### Given information
-- Opening Marker --

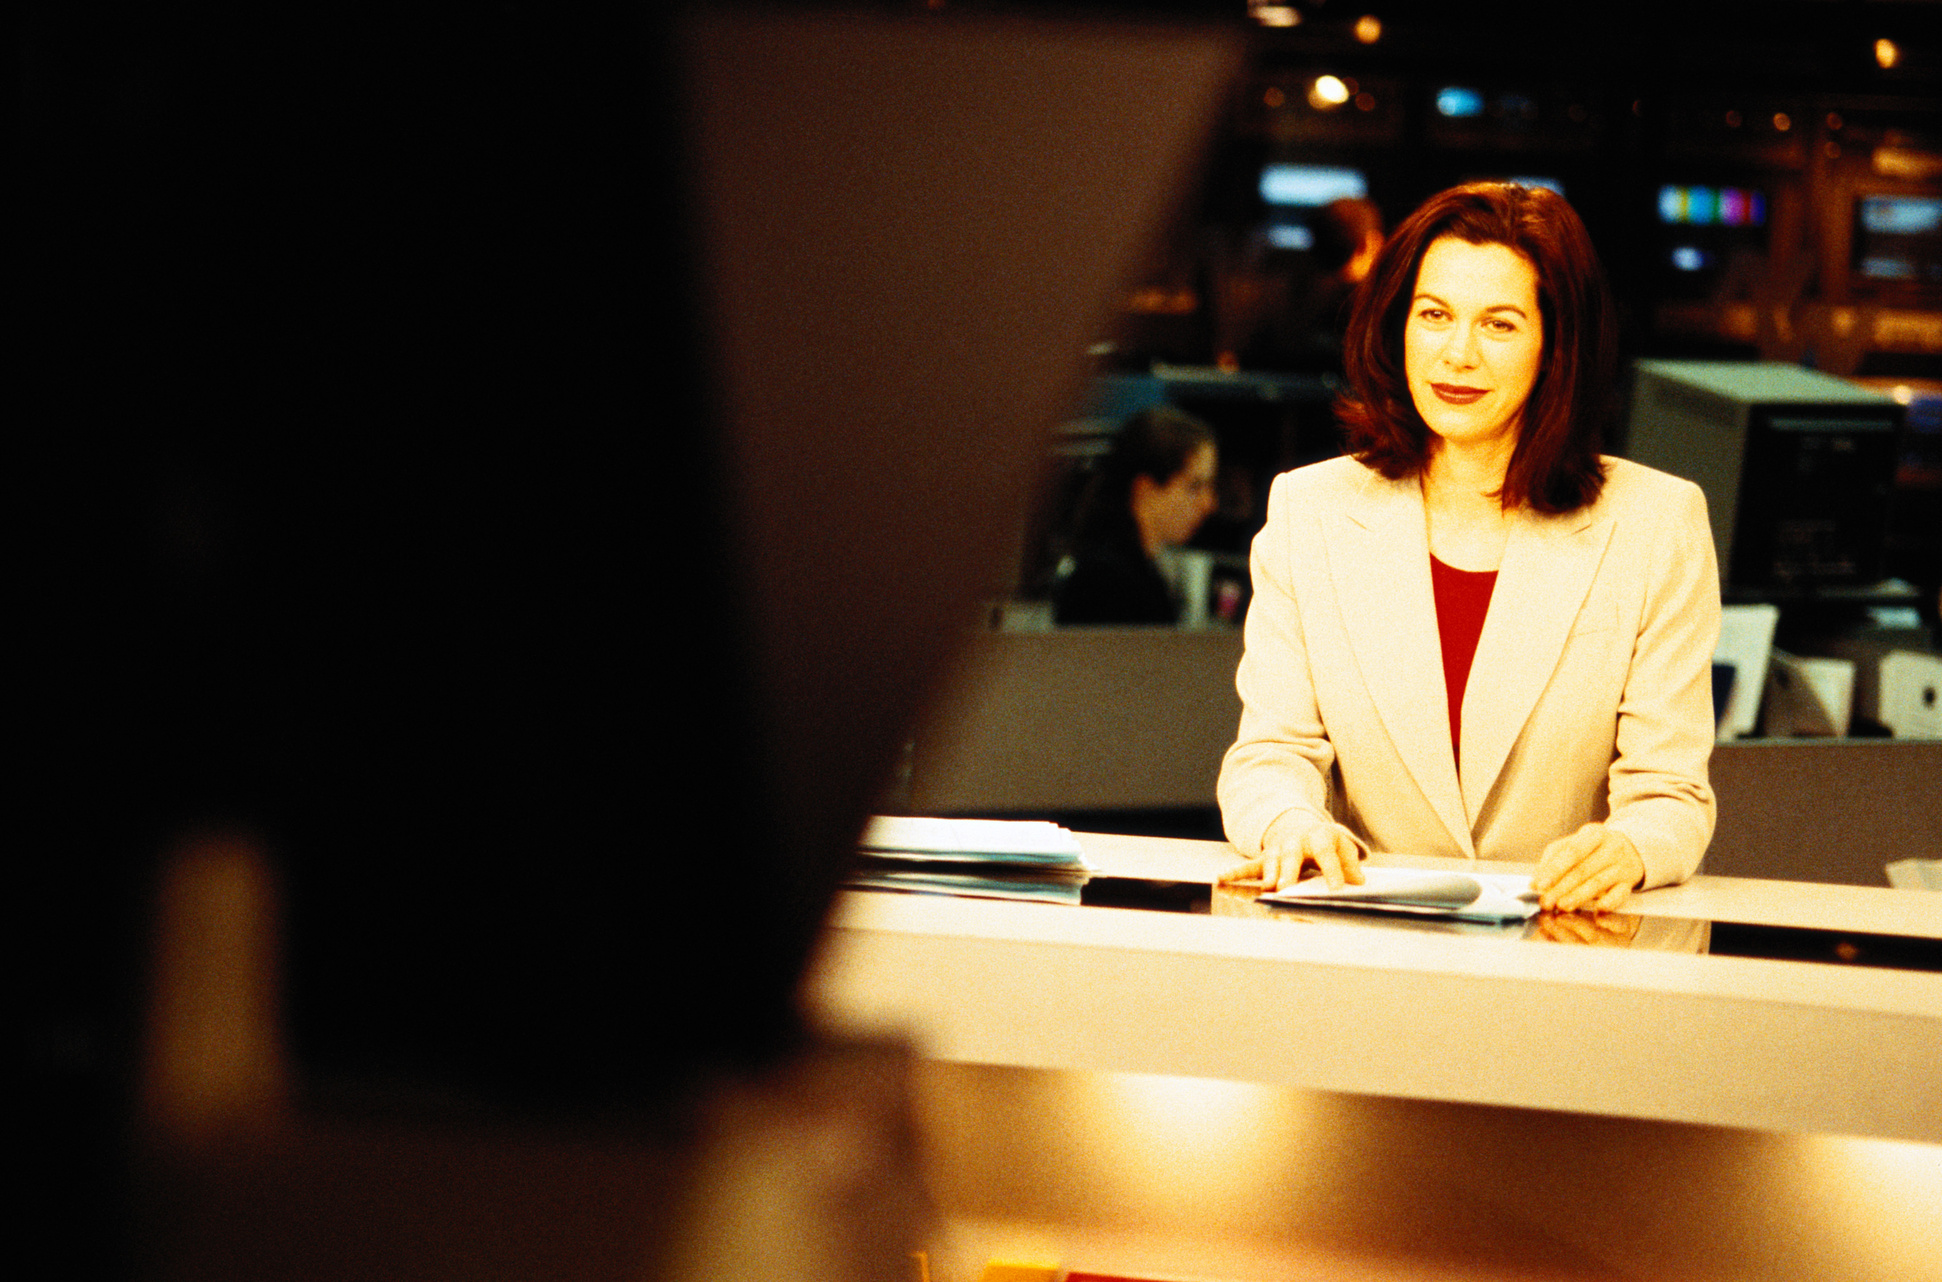 Television anchorwoman sitting at desk smiling at camera
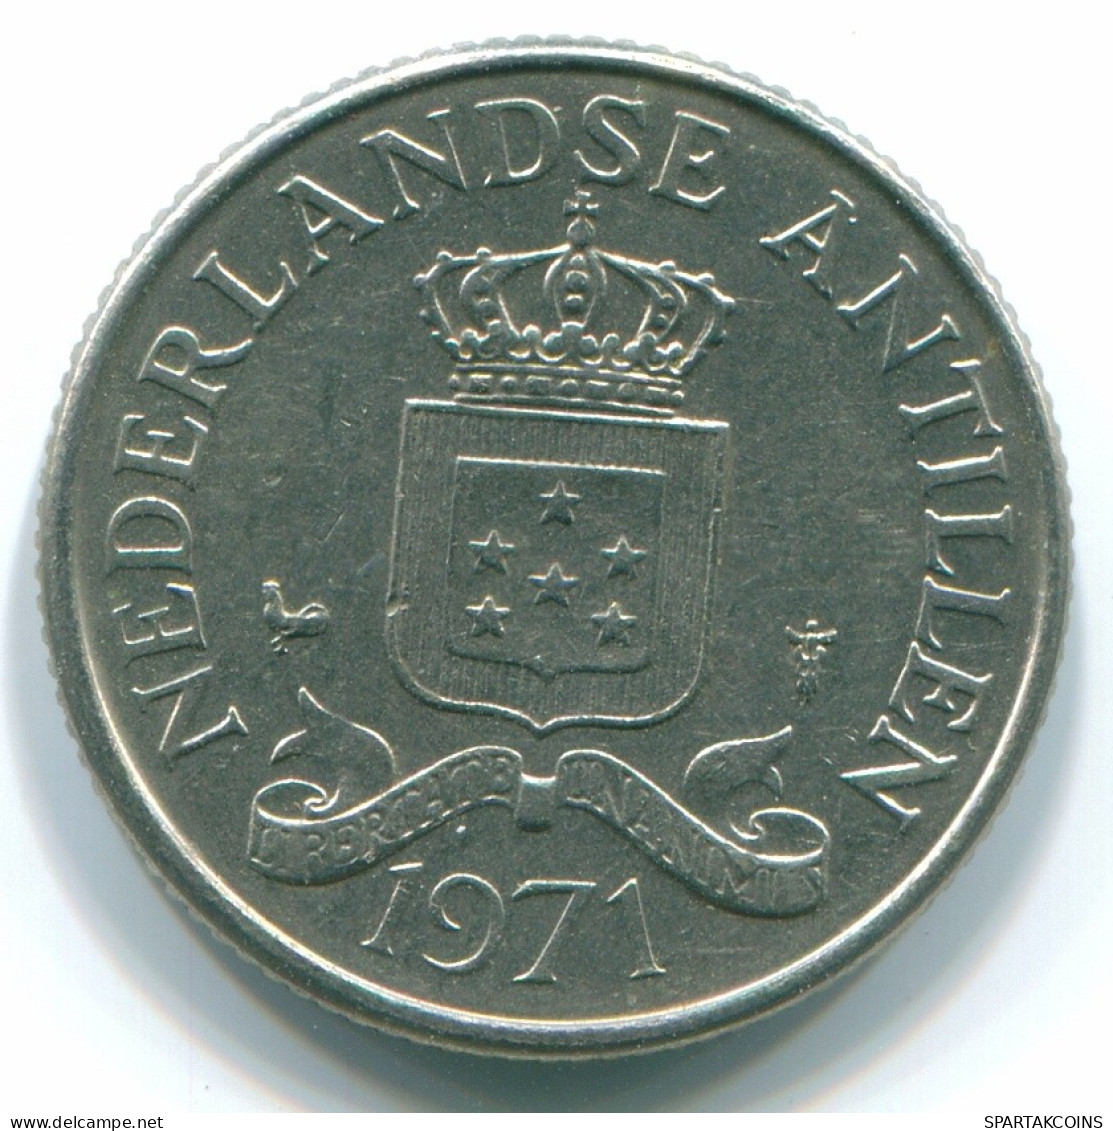 25 CENTS 1971 NIEDERLÄNDISCHE ANTILLEN Nickel Koloniale Münze #S11529.D.A - Niederländische Antillen
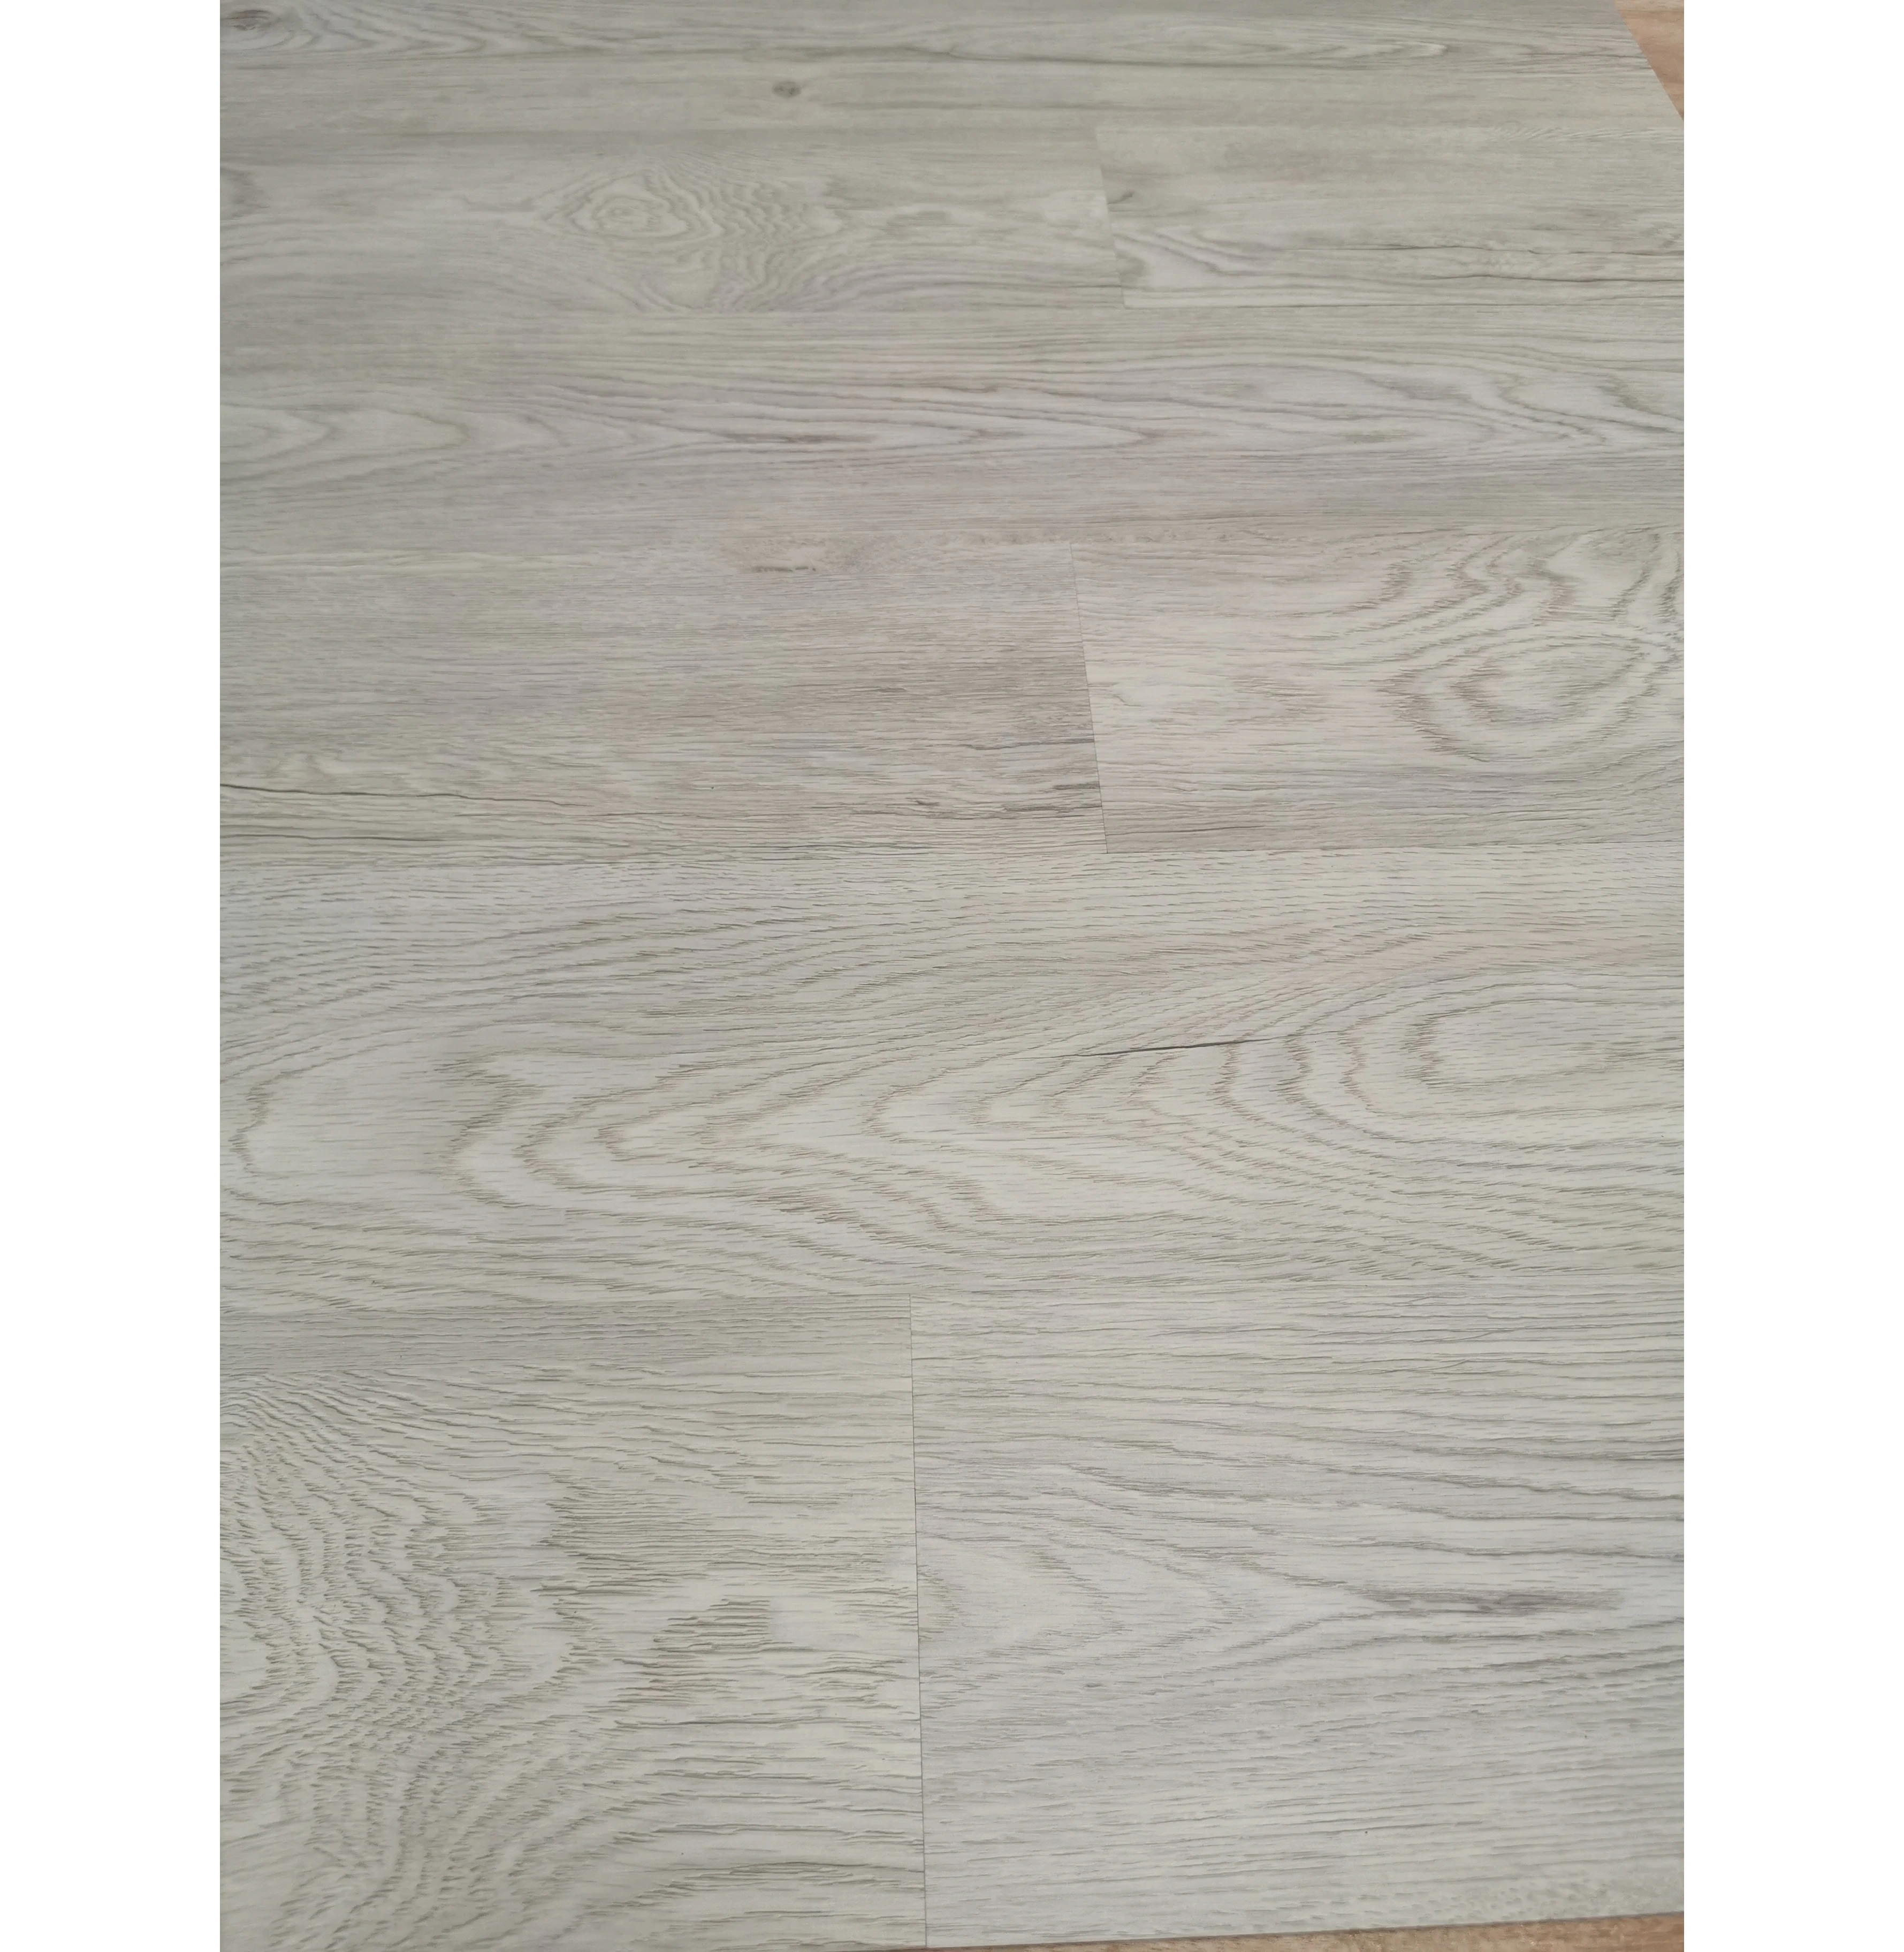 vinyl flooring plank
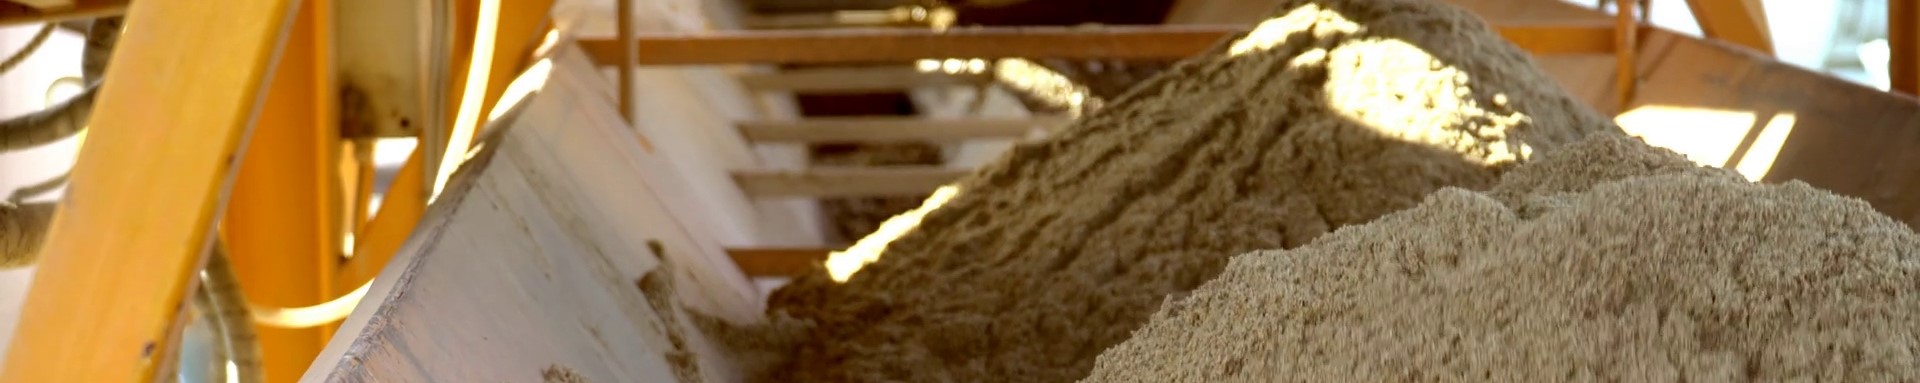 Песок для бетона в Лесколово где купить хороший песок

-- Closing Marker --

### What is required
What is needed is the whole listing again, set down exactly, without its pictures.

### Answer space
 Television anchorwoman sitting at desk smiling at camera
 25 CENTS 1971 NIEDERLÄNDISCHE ANTILLEN Nickel Koloniale Münze #S11529.D.A - Niederländische Antillen
 vinyl flooring plank
 Песок для бетона в Лесколово где купить хороший песок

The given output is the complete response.